Foreign Minister Yair Lapid is slated to fly to Rome on Sunday to meet face-to-face with Blinken. The Iranian nuclear negotiations are slated to be at the top of the agenda for the two diplomats.

Israel staunchly opposes US President Joe Biden’s plan to reenter the JCPOA, which he has said he’s prepared to do provided Iran returns to compliance with the agreement.

IDF Chief of Staff Aviv Kohavi met with US National Security Adviser Jake Sullivan in Washington this week to discuss security concerns, with the threat of a nuclear Iran chief among them.

From left, Israel’s Ambassador to the United States and United Nations Gilad Erdan, IDF Chief of Staff Aviv Kohavi and US National Security Adviser Jake Sullivan meet in Washington on June 23, 2021. (Israel Defense Forces)

Kohavi railed against the US plan to rejoin the 2015 deal during the meeting with Sullivan and other top American defense officials, according to the IDF. Kohavi reiterated the “failures of the current nuclear deal” and attempted to convince the American officials of alternative methods of preventing Iran from obtaining an atomic weapon, the military said.

Sullivan told Kohavi that US President Joe Biden has a “commitment to ensuring that Iran never gets a nuclear weapon,” according to the White House.
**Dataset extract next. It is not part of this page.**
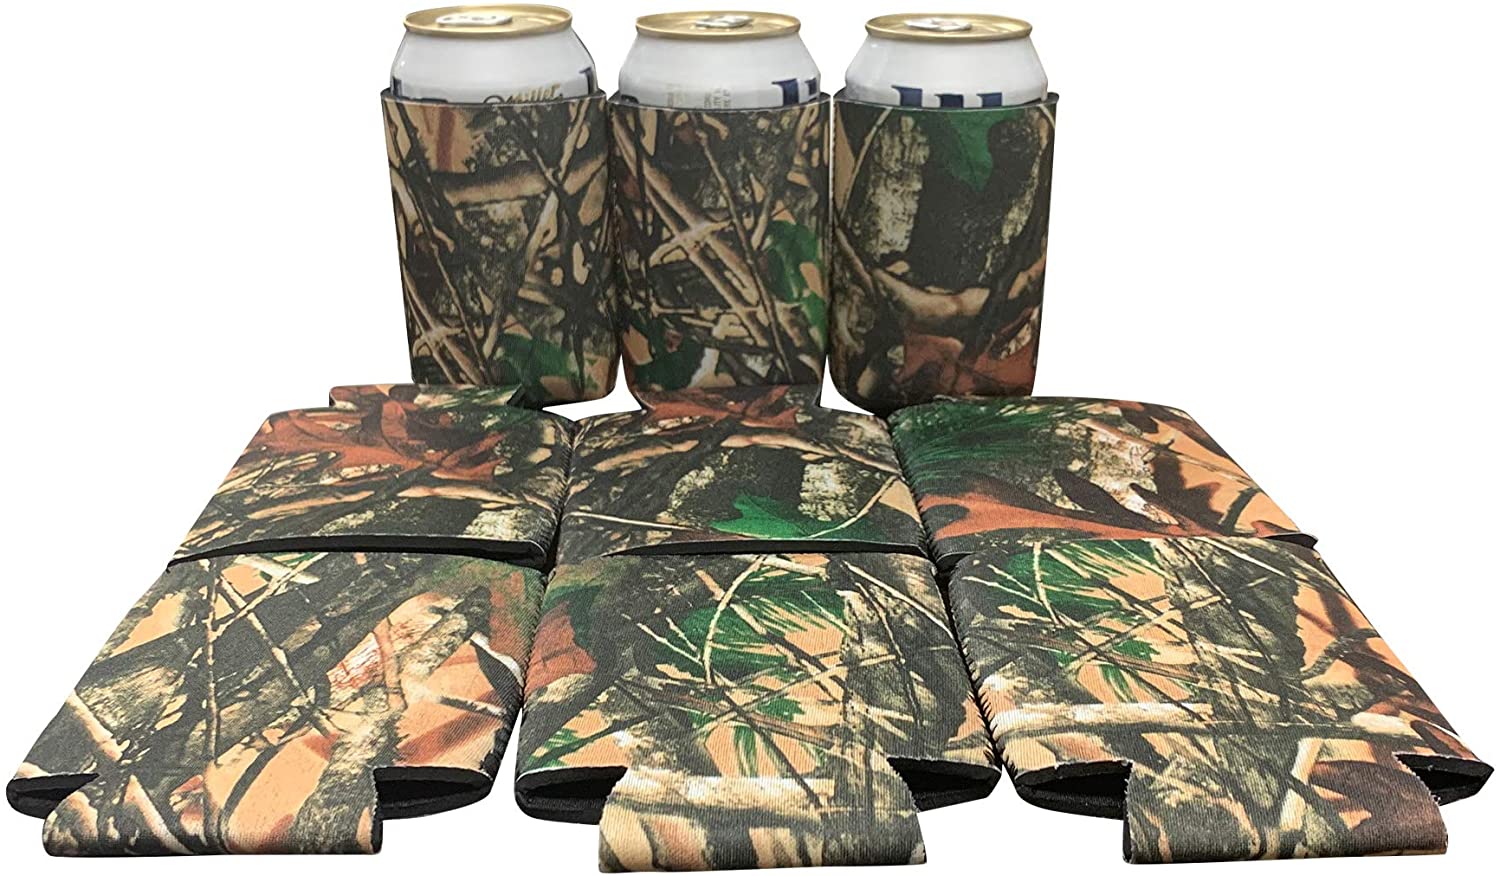 Plain Collapsible Can Coolers, $7.99 + Free Shipping - Kool Products

He also “reaffirmed President Biden’s unwavering support for Israel’s security and commitment to continuing to strengthen the defense partnership between the two countries.”

Prime Minister Naftali Bennett on Sunday opened the first cabinet meeting of his new government with a condemnation of the newly elected Iranian president, Ebrahim Raisi. He said Iran’s choice was a sign for world powers to “wake up” before returning to a nuclear agreement with Tehran.

“A regime of brutal hangmen must never be allowed to have weapons of mass destruction that will enable it to not kill thousands, but millions,” the prime minister said, speaking briefly in English.